Los primeros días contaba angustiado lo que faltaba para que llegaran los primeros meses y los primeros ahorros, que venían escasos después de doce horas por jornada, sin papeles, agarrado a una paleta. Fue un tiempo de soledad, trabajo a destajo, silencio profundo y nanas no cantadas en guaraní. Pero dos años después de la congoja, consiguió reunir plata suficiente para traer a trabajar honesta y legalmente, como limpia empleada de un hogar feliz, a su esposa y también para traer a una nueva esperanza a la que ya no se parecía en tamaño a su pequeña niña dormida. Le resbalaban sin querer las lágrimas por la mejilla cuando me decía que su linda indígena no sabía quién era ese señor moreno que le quería dar la mano y la abrazaba sin ningún motivo y que los primeros meses de convivencia fueron muy duros, durísimos.

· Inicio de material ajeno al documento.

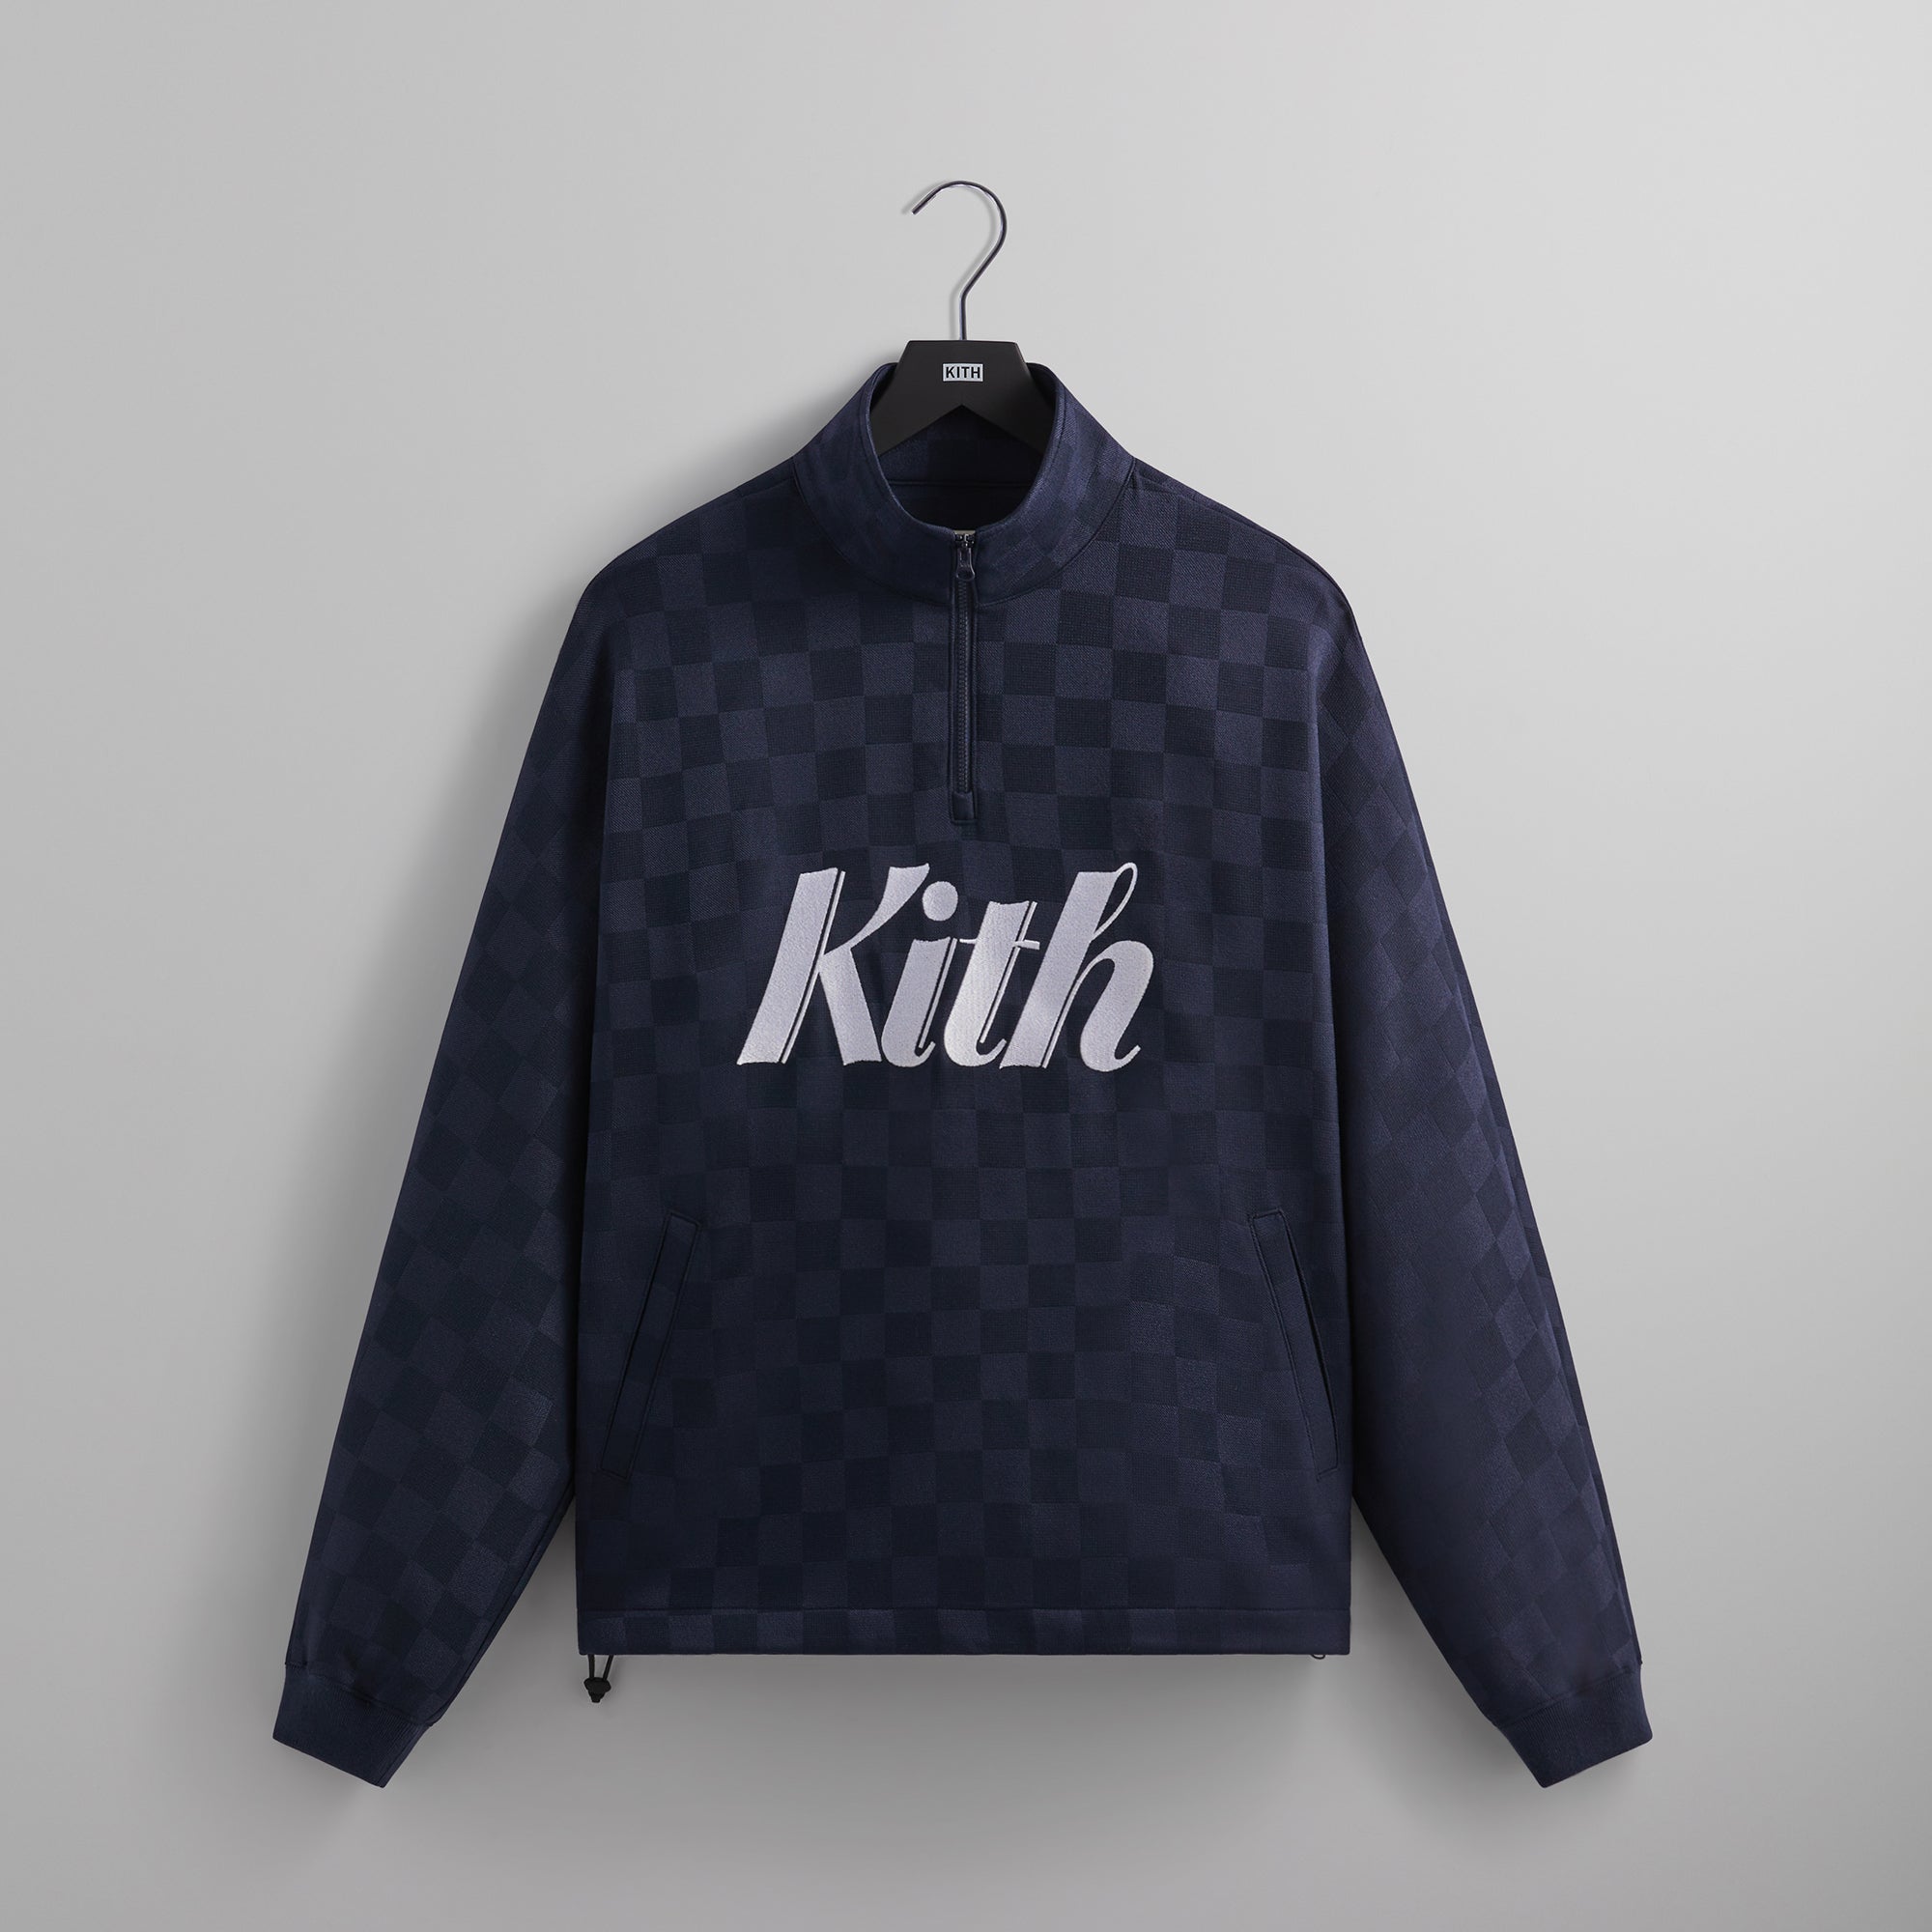 Kith Double Knit Davis Quarter Zip Pullover - Nocturnal

Ahora son cuatro. Ahora son españoles. Ahora tienen una casa abandonada en Paraguay que nadie compra porque nadie puede comprar. Ahora tienen un empleo ¿estable? y no pasan hambre. Ahora ahorran para que puedan comprar una vaca y dos gallinas los del otro lado del Atlántico. Ahora tienen un futuro para sus hijas españolas, igual de futuro e igual de español que el que tienen nuestros hijos.

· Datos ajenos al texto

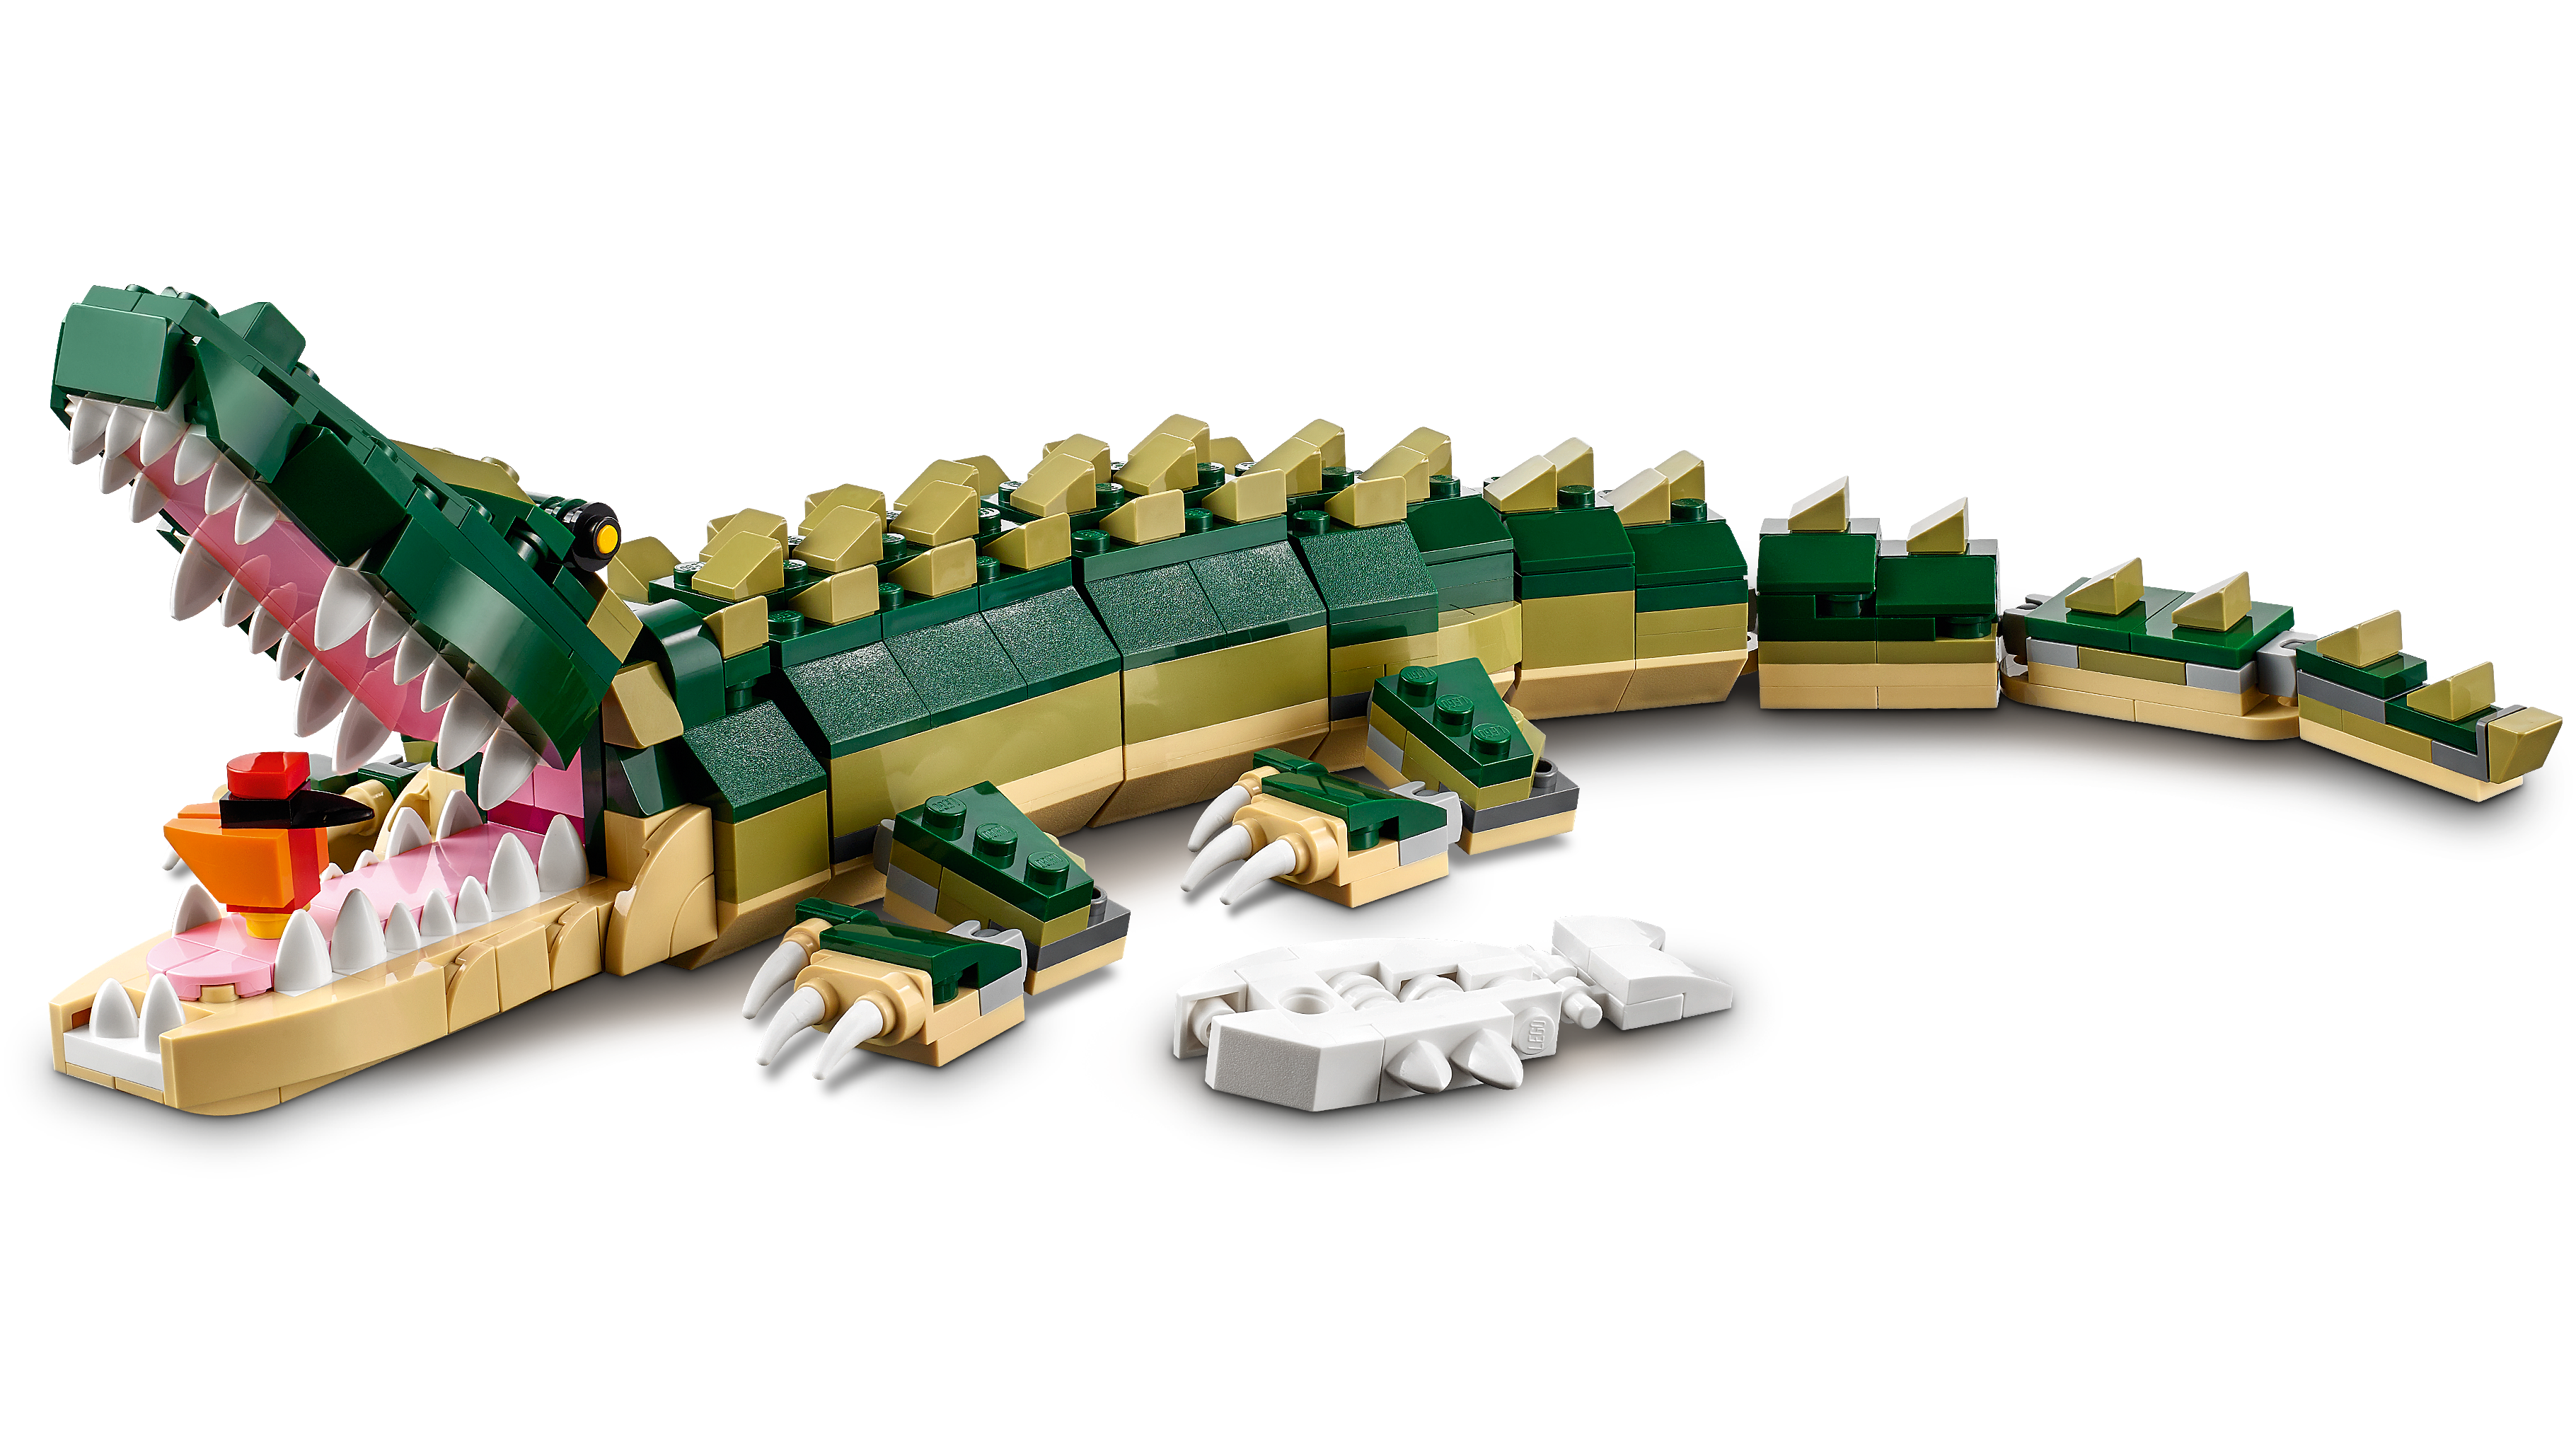 Crocodile 31121 Creator 3-in-1 | Buy online at the Official LEGO® Shop US

En la confianza que da una barra diaria de bar, hoy me preguntó si yo había notado alguna vez el racismo en la ciudad. Le dije que no y no le mentí. Le dije que no podía ser racista aquel que sólo había convivido con una raza, si es que la española era una raza. Le dije, finalmente, que dentro de unos años, cuando su familia entera y sus vecinos y los amigos de sus vecinos y los amigos de los amigos de sus vecinos estuvieran aquí, en el país de las maravillas, me lo volviera a preguntar. Entonces lo sabré o no lo sabré, esa es la cuestión.




Mentiras buenas





Cuando uno, valgo como ejemplo yo mismo, entra en un blog y después – casi siempre tiene que ser después, aunque conozco a un insensato que lo hace antes – de leer una entrada que le ha llamado la atención quiere comentar algo, lo que sea, lo que le apetezca, se encuentra que los comentarios allí no son libres como el sol cuando amanece, como el ave que escapó de su prisión y puede, al fin, volar, no son libres. Los miedos del autor del blog le han hecho moderar o no permitir los comentarios de cualquiera, que en este caso también iba a ser yo.

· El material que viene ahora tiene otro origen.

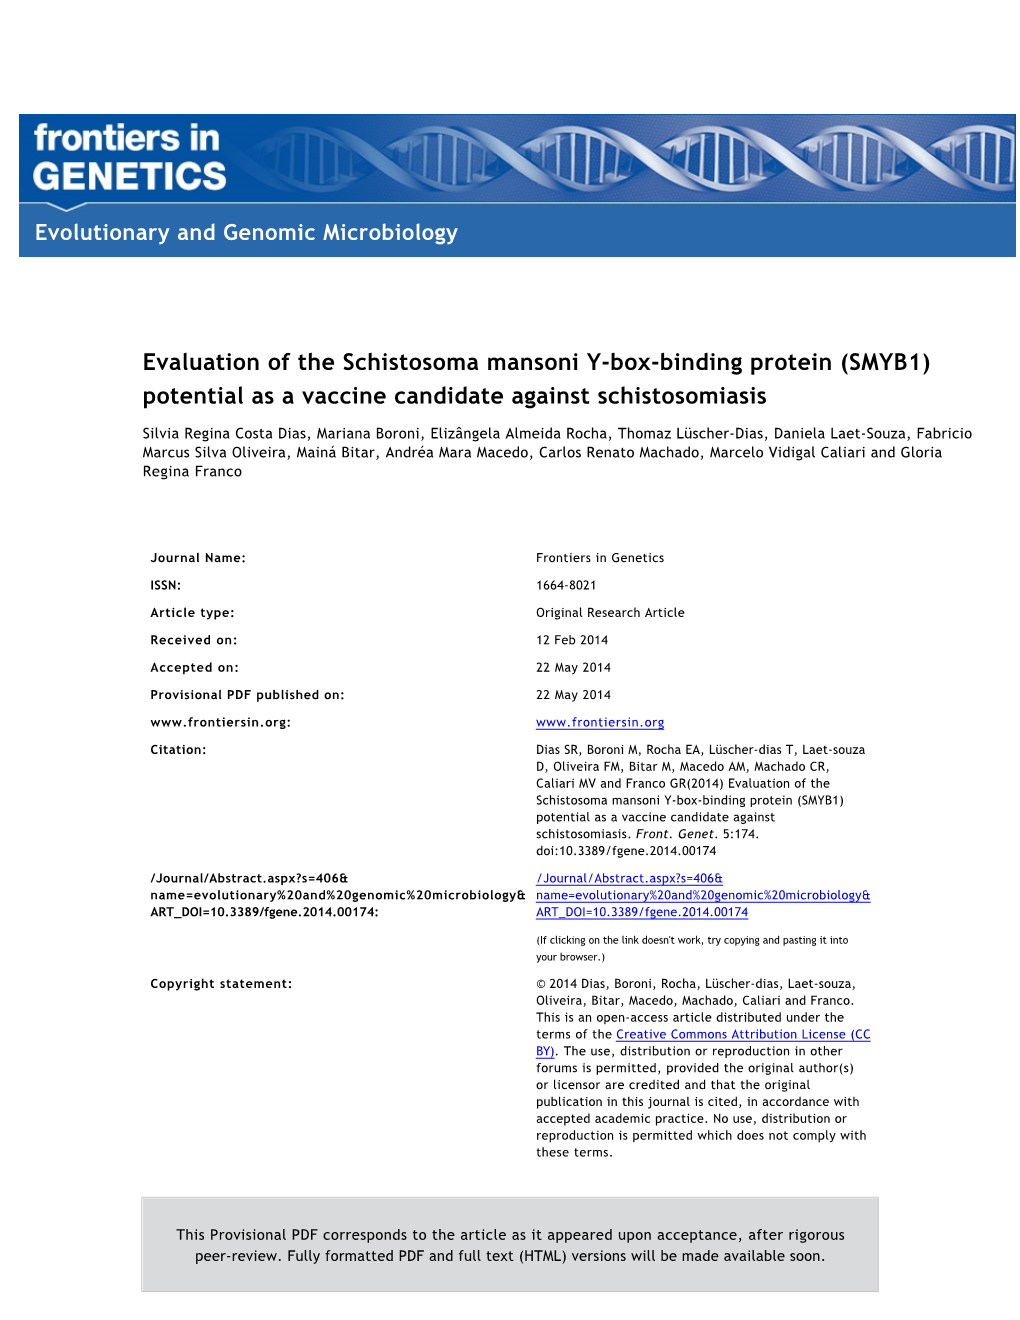 Potential As a Vaccine Candidate Against Schistosomiasis

Así, muchos blogs, la inmensa mayoría, son mentiras, aunque en parte son lo que llamo “mentiras buenas”. Son mentiras porque en ellos no se refleja la cruda realidad, no se refleja la vida tal cual es y sólo se mantiene en ellos lo que nos interesa y no nos hace daño. El administrador de sus propias palabras, el dueño de la tribuna, el periodista de sí mismo, el responsable de la plataforma virtual, hace desaparecer lo que no le gusta, lo que va en contra de su forma de ser y de pensar, incluidos lógicamente los insultos y las descalificaciones varias. Sin embargo digo que son buenas, por una simple razón: si logramos arrancar a la vida las cosas feas, las que no nos gustan, las que nos ofenden, las que nos agravian, las que nos hieren, las que nos hunden, las que nos vilipendian, … esta vida se convierte automáticamente en una vida mucho más plena, más hermosa y más placentera. Aunque, eso sí, falsa – que todo hay que decirlo -.


Por no tener no tengo la más mínima idea de por qué tengo yo que escribir sobre esto que escribo ahora, pero me ha venido a la cabeza de repente. Y cuando una cosa viene de repente es mejor soltarla, no vaya a ser que explote.